Anika Mehta (name changed) is a lawyer based in Goa.
The man I was dating when I lost my virginity was the one who taught me the greatest lesson about my weight. I had put off having sex because I was ashamed of my body. I didn’t want to disappoint him. When he finally coaxed this reason out of me, he was shocked. He told me I was beautiful that my weight didn’t matter to him because he loved me, all of me.
That night was magical. For me, it was the start of my journey on the road to regaining my self-esteem. For far too long it had been clamped tight by the clutches of my weight issues.
Me = my body weight
My family is known for being on the larger side. They also don’t believe in skimping on food. Growing up, I ate whatever I wanted. That added to the fact that I was quite lazy as a kid, I was soon a very chubby child.
It never bothered me. Then college happened. Suddenly the divide among the girls was clear: the thin ones were popular and loved, the fat ones were ‘just friends’ and largely ignored. The boys ignored me and the girls pitied me. I was always the fat one in the group. It was like I didn’t exist as a person, I was just my body weight.
Dumped for my curves
I tried to shield the fat by wearing loose clothes. Shopping was always traumatic. The clothes I liked weren’t available in my size, I couldn’t find the proper bra size, the clothes I could fit in stretched and looked terrible on me. I had to tailor all my clothes. Imagine wearing what a tailor thinks is fashionable to college!

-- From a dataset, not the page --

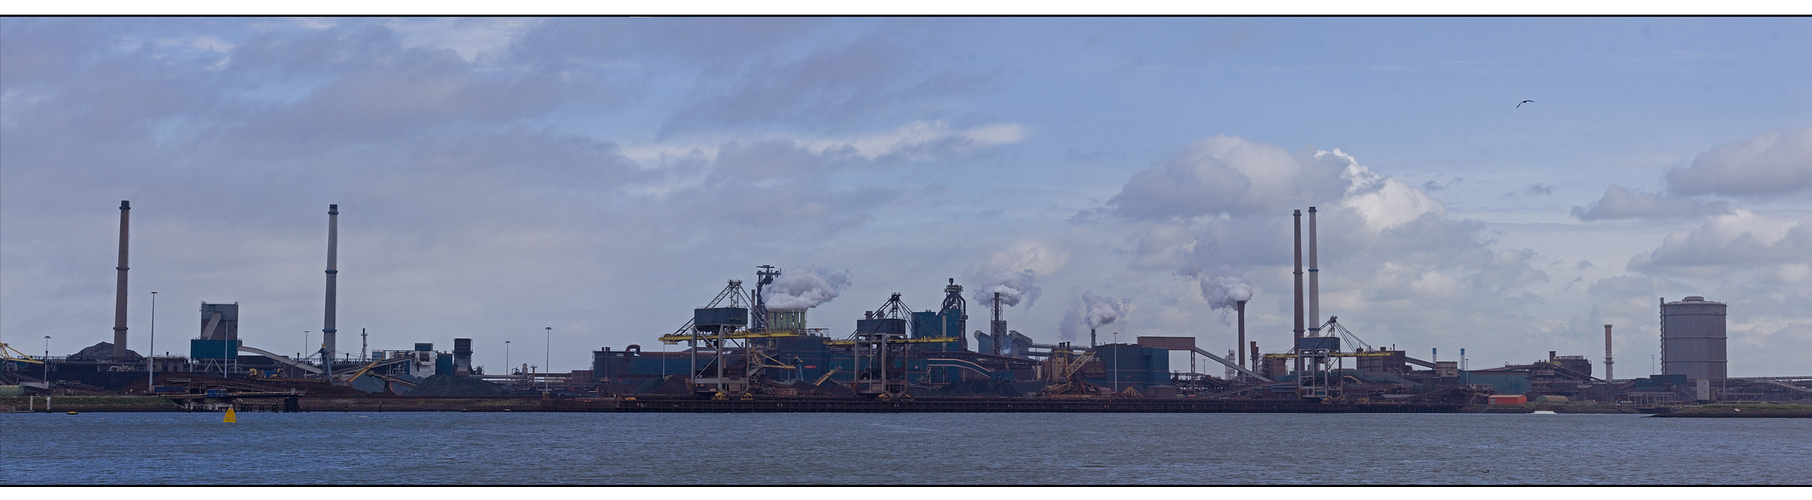 Ijmuiden - Industries am Hafen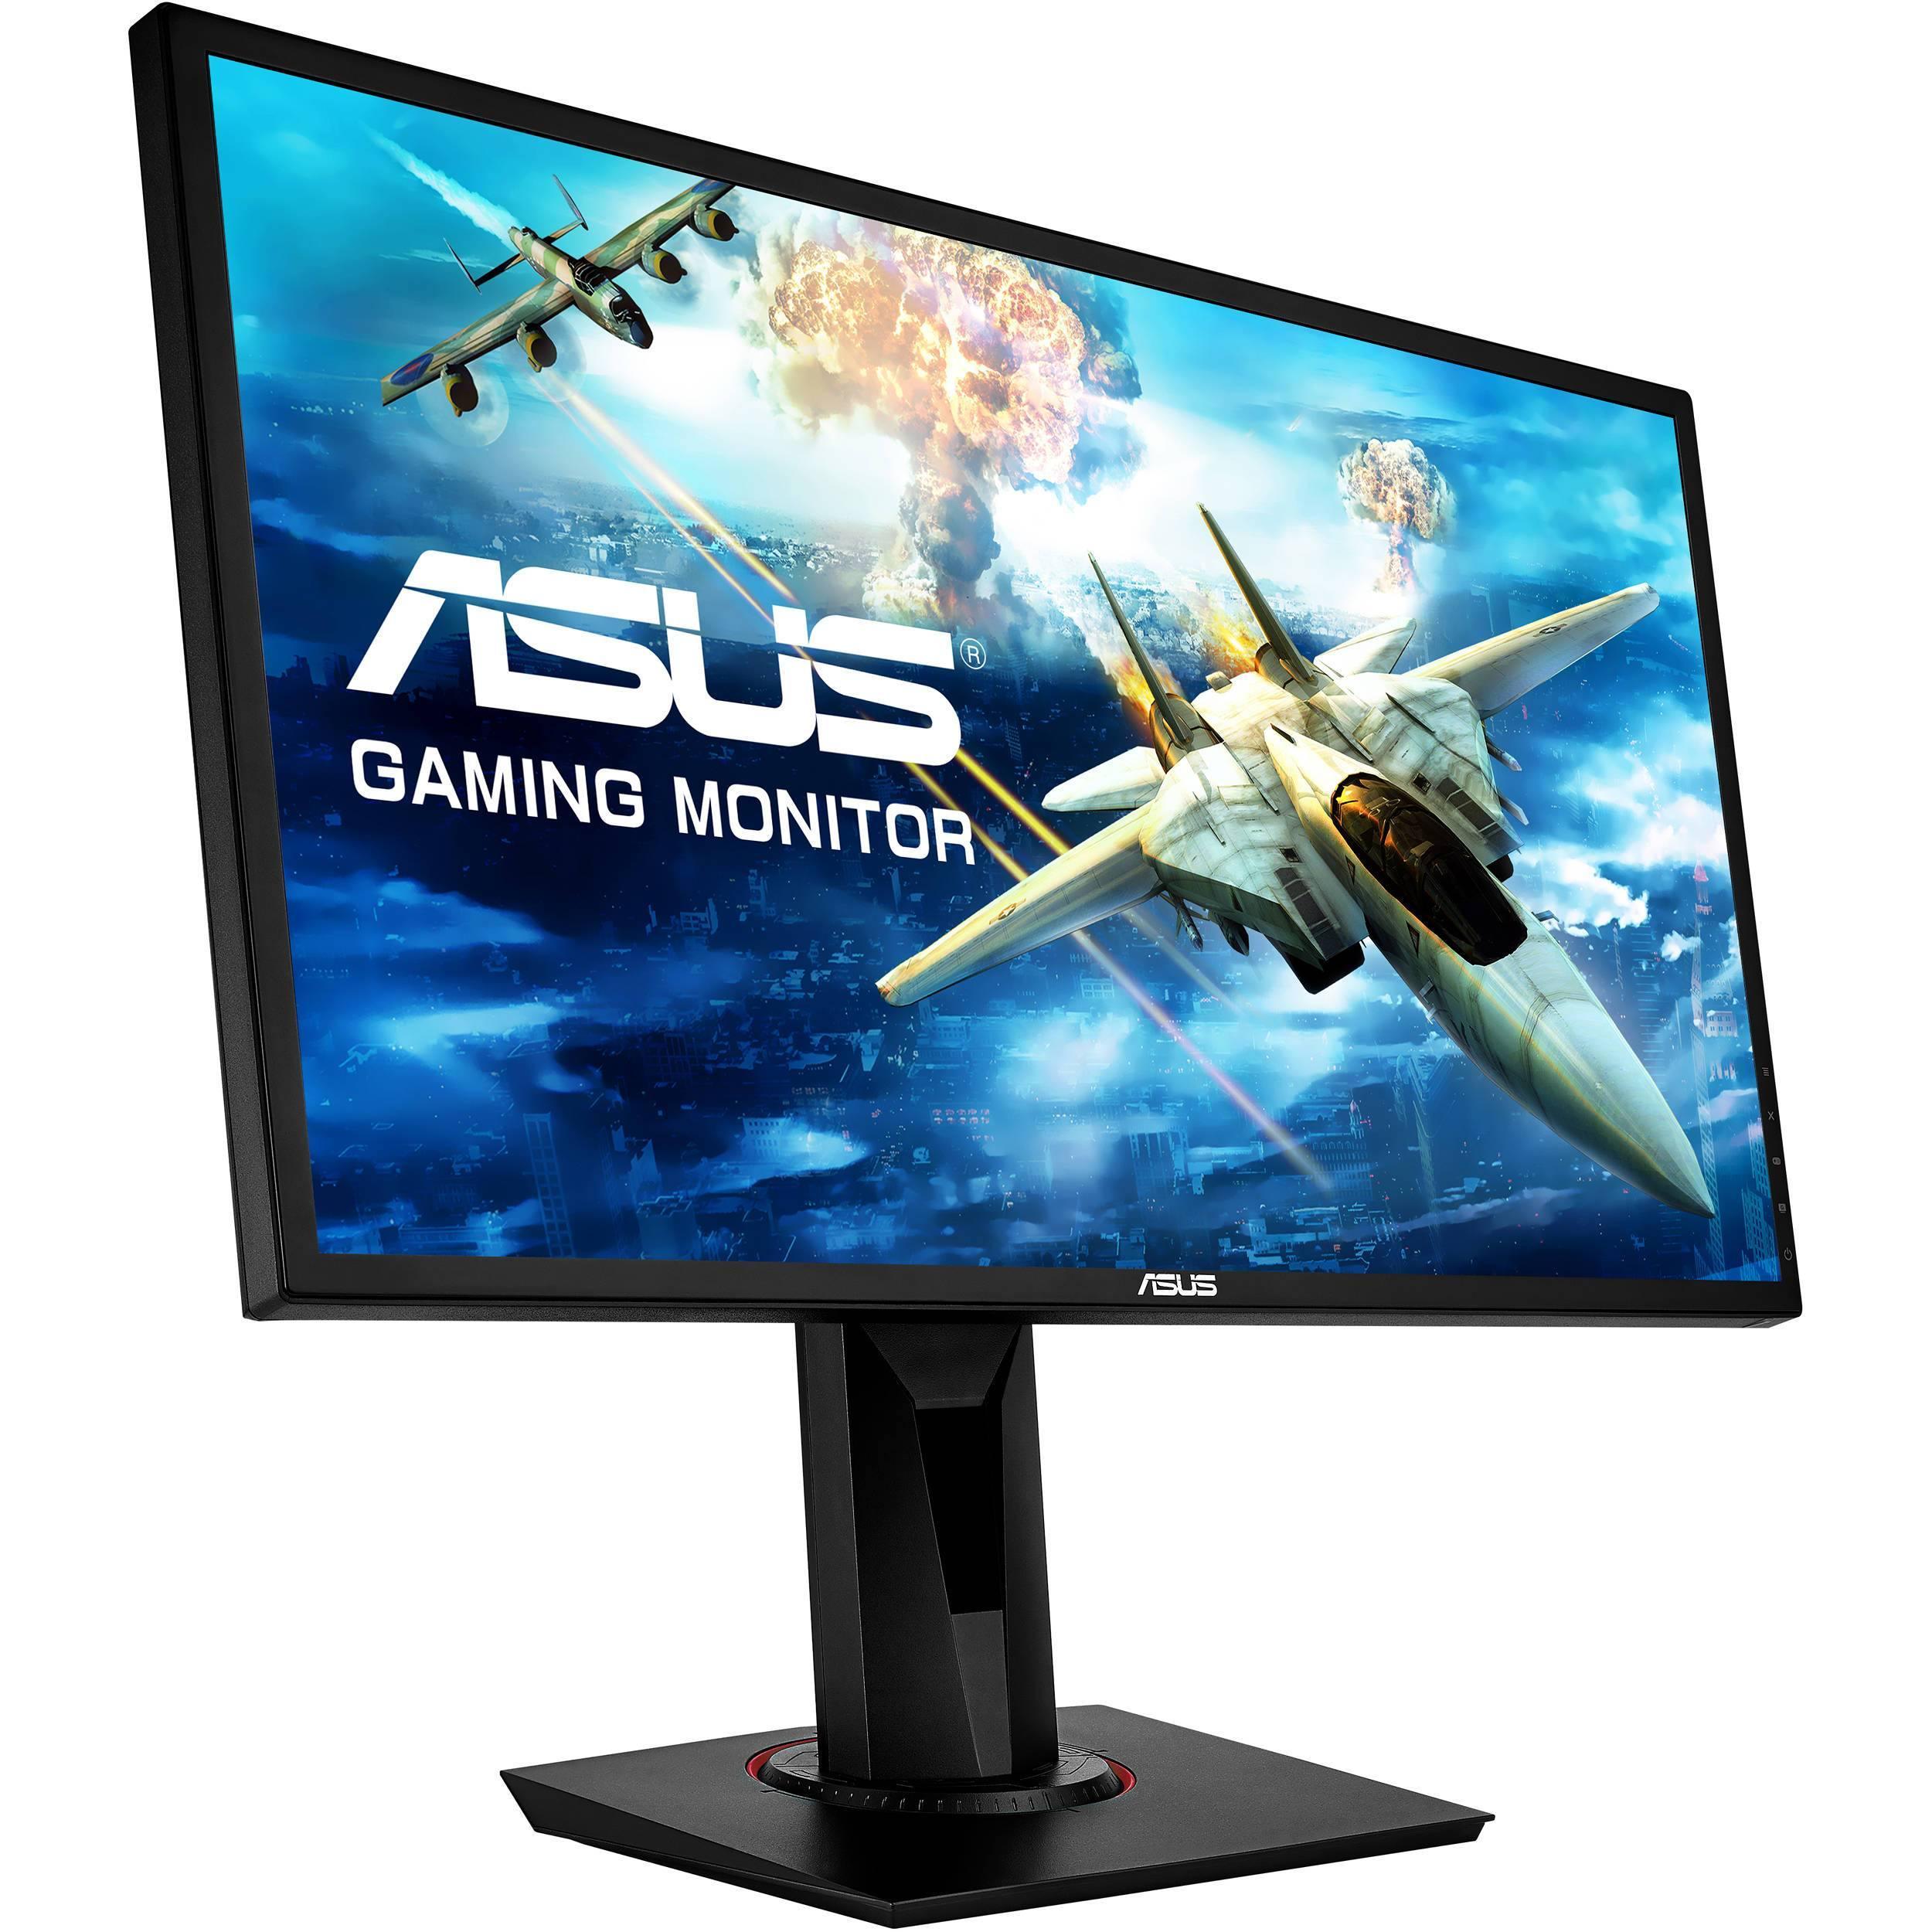 ASUS VG248QG Gaming Monitor

My first boyfriend was fat. He had love handles and a funny walk. After a year together, he dumped me for a slimmer, prettier girl. The worst part was that I didn’t even know he had moved on. One day, he just stopped talking to me. The next I heard was that he had found someone else.
My best friend harassed him till he confessed why he had dumped me. It was because his friends teased him – I was the fattest among all their girlfriends. I was heartbroken. I ruined my second year of college pining for him and eating everything I could get my hands on. I thought I was fat so how did it matter if I became fatter?
Why do men think it is perfectly fine for them to have a paunch and man boobs, and yet will begrudge a woman for their curves?
It isn’t as if I haven’t tried to lose weight. I’ve done workouts, joined the gym, gone for long walks and done diets. The extra fat just refuses to leave so I give up. To make myself feel better, I eat. It makes me fatter and then one day I decide I’ve had enough and must do something. It is an endless cycle.
My weight is like an extra person in my life. I am always conscious of it. If people look at me on the street, I feel they are judging my clothes or how big my thighs are. At a party, I cover up in such a way that people cannot see extra fat spilling out from anywhere. I don’t wear swimsuits or shorts because I cannot handle people looking at my wobbly thighs or my paunch. My friends affectionately call me fatty or motu etc. Initially the nickname stung. Every time they said it, I felt they were judging me. Not any more.
I still have issues with my weight. I still think I am fat. But I no longer feel bad about it or let it affect my mood. That man and I are no longer together but he gave me the greatest gift ever: learning that my weight doesn’t define me.